Enter the Gemini API.
We discovered (and honestly had never used before) that Gemini has an API where you can upload an entire file (PDF, for example) and use it directly in LLM processing.
Here’s how simple it is:
import os
import google.generativeai as genai
genai.configure(api_key=os.getenv("GOOGLE_API_KEY"))
model = genai.GenerativeModel("gemini-2.5-pro-XXX")
uploaded = genai.upload_file(path=pdf_path, display_name="display_name")
response = model.generate_content(
[
uploaded,
prompt,
]
)
For the price of those few lines, you can process files up to 50 MB. Images, tables, and graphs are all handled — you can query them directly. Pretty powerful.
Then we generated our chunks and pushed them into our knowledge base.

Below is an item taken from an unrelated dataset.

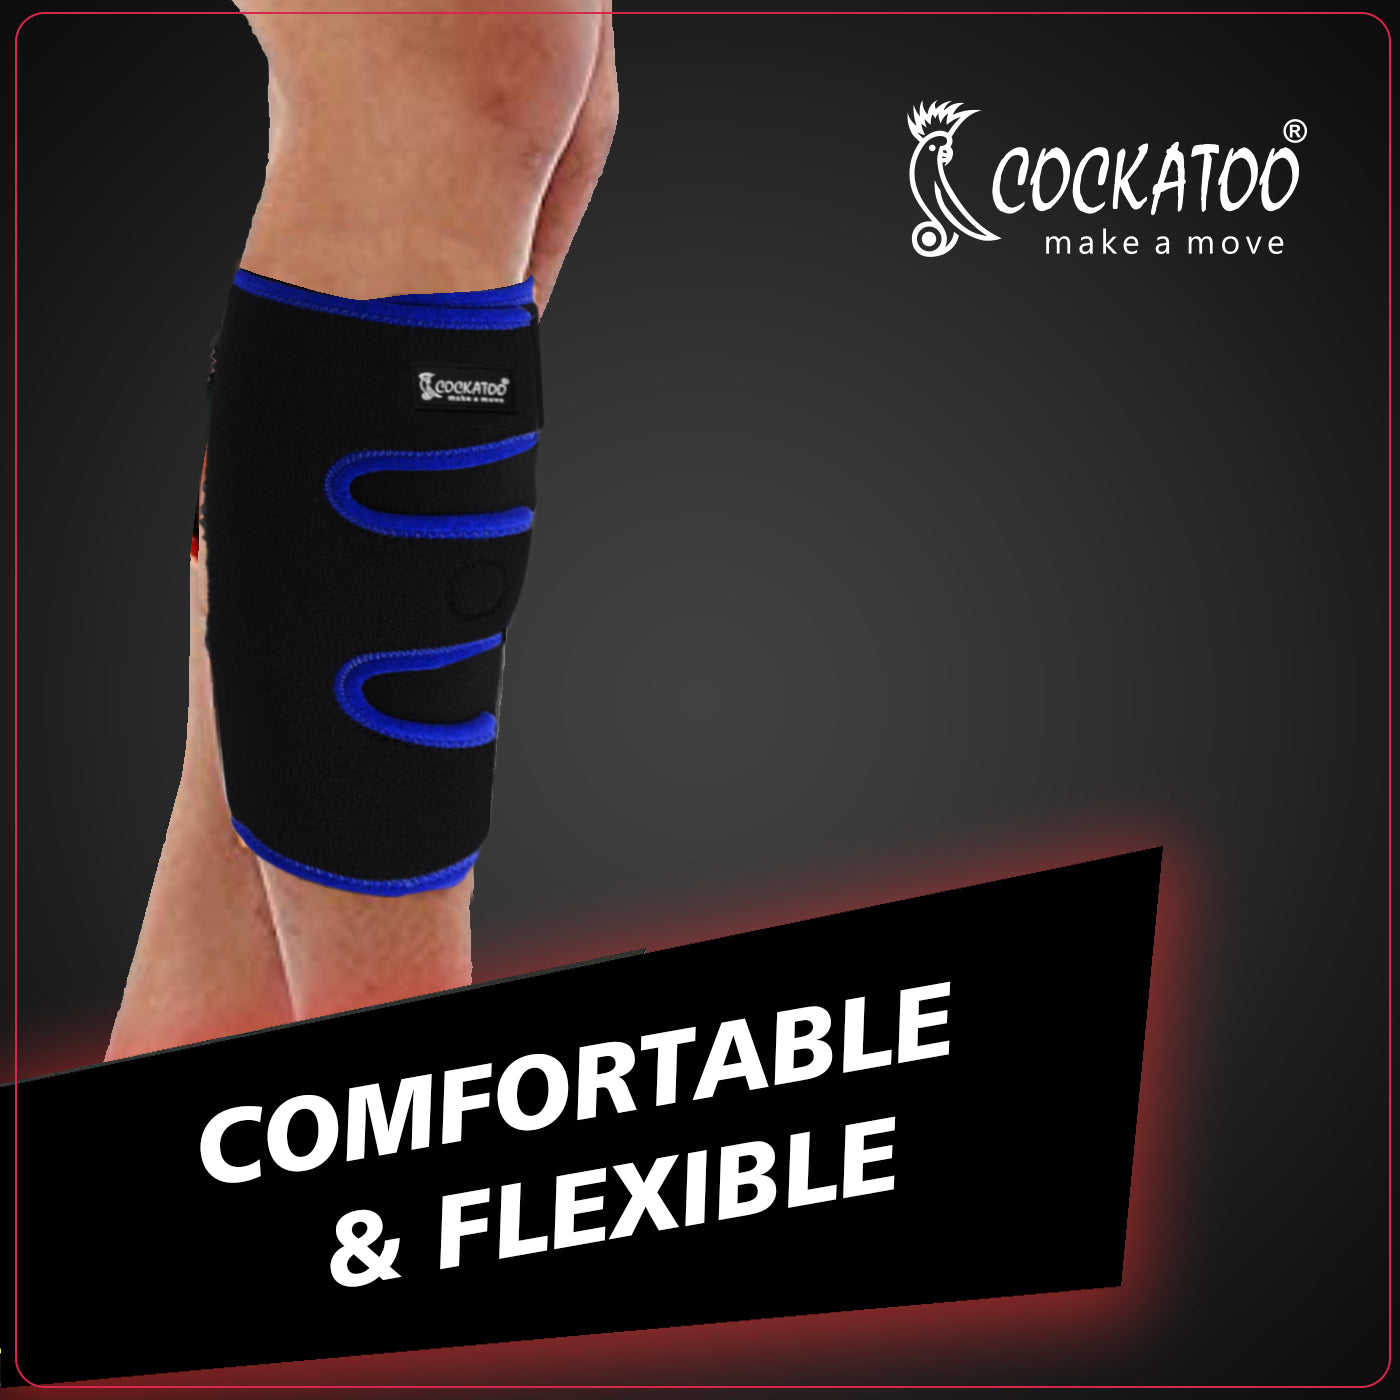 Cockatoo Calf Support Brace - Shin Splint Compression Sleeve - Lower Leg  Wrap Support for Torn Calf Muscle, Strain, Sprain, Pain Relief - Suitable  for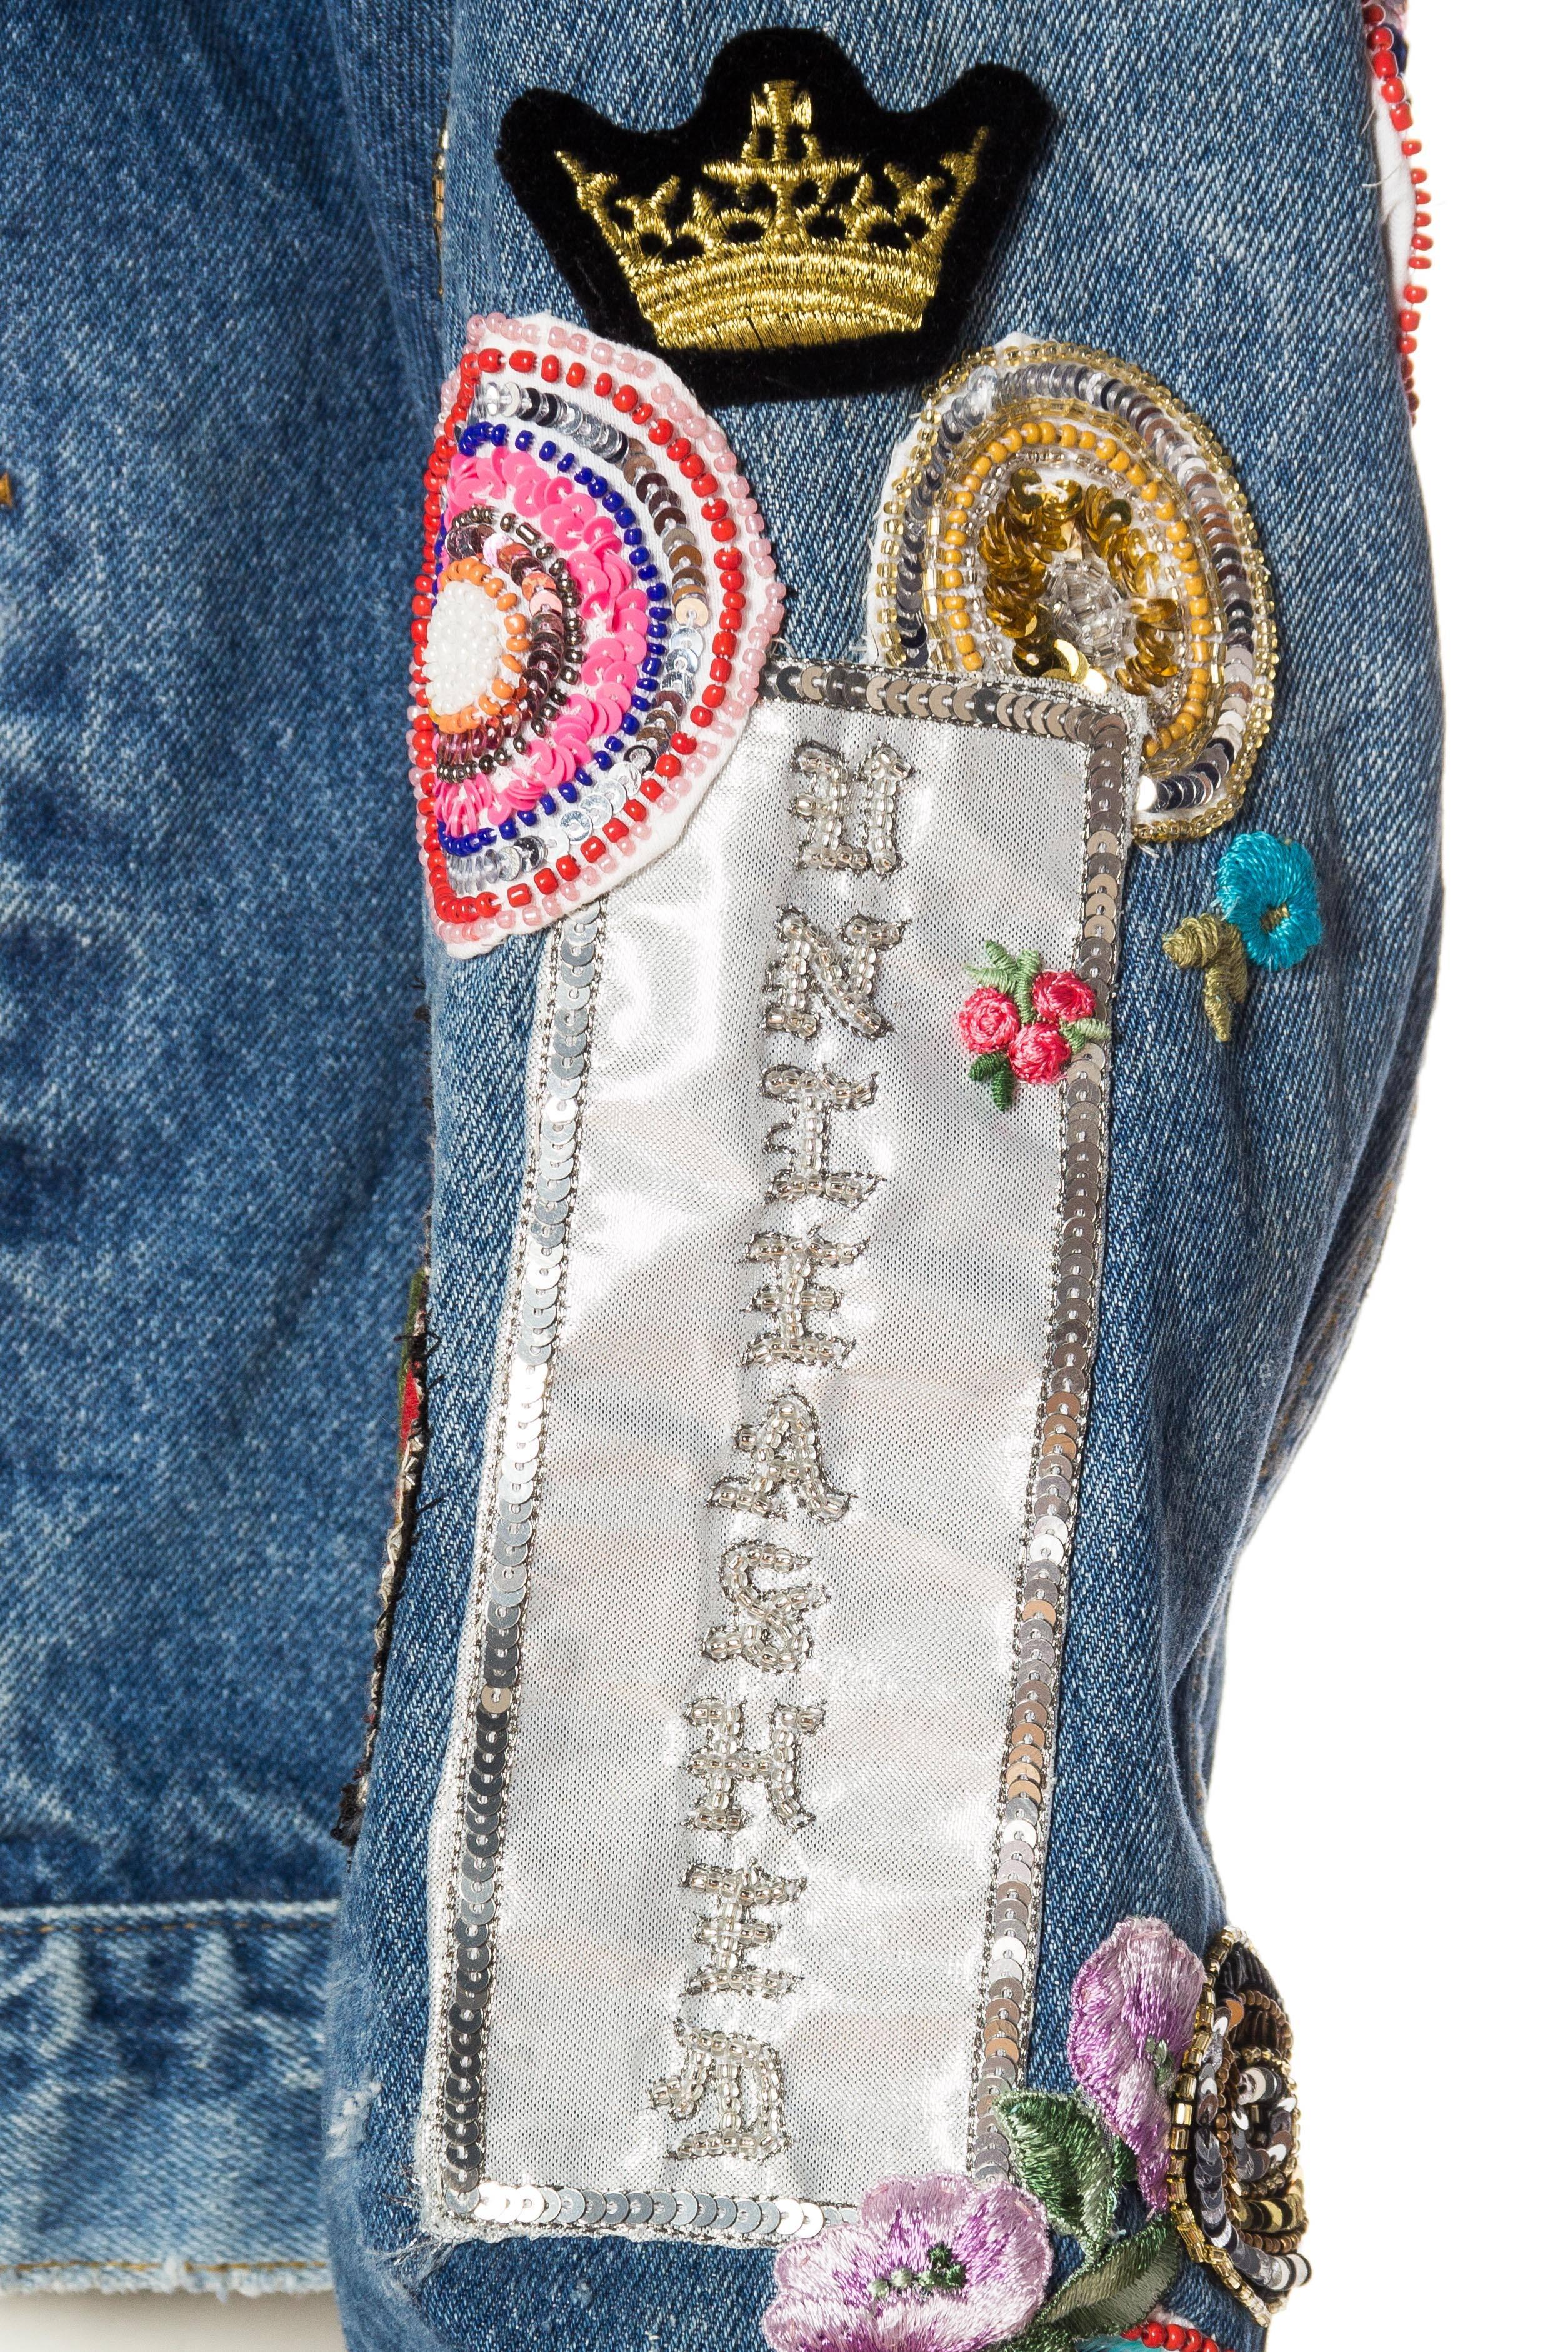 Gucci style embellished Levi jean jacket, Unleased collaboration at ...

The whole chunk-generation script was under 50 lines — and it outperformed NotebookLM.
Simple. Fast. Reliable 💪💪💪.
One Does Not Simply… ignore preprocessing 🧙♂️

I get it.
Building fancy agentic systems feels satisfying. Agents, tool calls, deep research, multimodal everything.
But “simple + reliable” beats “fancy + fuzzy” every time — especially when real users need exact guidance.
We didn’t need a magic pipeline.
We needed a map: question → correct transactions/processes → answer.
That’s exactly what preprocessing gave us.
When agents are worth it
I’m not anti-agent. I use them all the time. But you have to pick your battles.
Go agentic when:
- 🚀 Users ask open-ended, research-heavy questions
- 📚 Data is loose narrative or knowledge-dense
- 🔄 You need multi-hop processes that conditionally use data sources or APIs
Stick with structured when:
- ✅ Your content is procedural
- 📸 Users need ultra-reliable, instant answers
- 🧑🏫 Users need clear, step-by-step guidance
Conclusion
Don’t underestimate the basics.
Sometimes your smartest move… is not to be clever.
👉 Building a support bot with visual or procedural data? Start by analyzing the data and mapping transactions. Structure your chunks.
And if the fancy path calls to you — try it. But always benchmark against the boring baseline. Because → Sometimes Basic Beats Agentic 😎😎😎.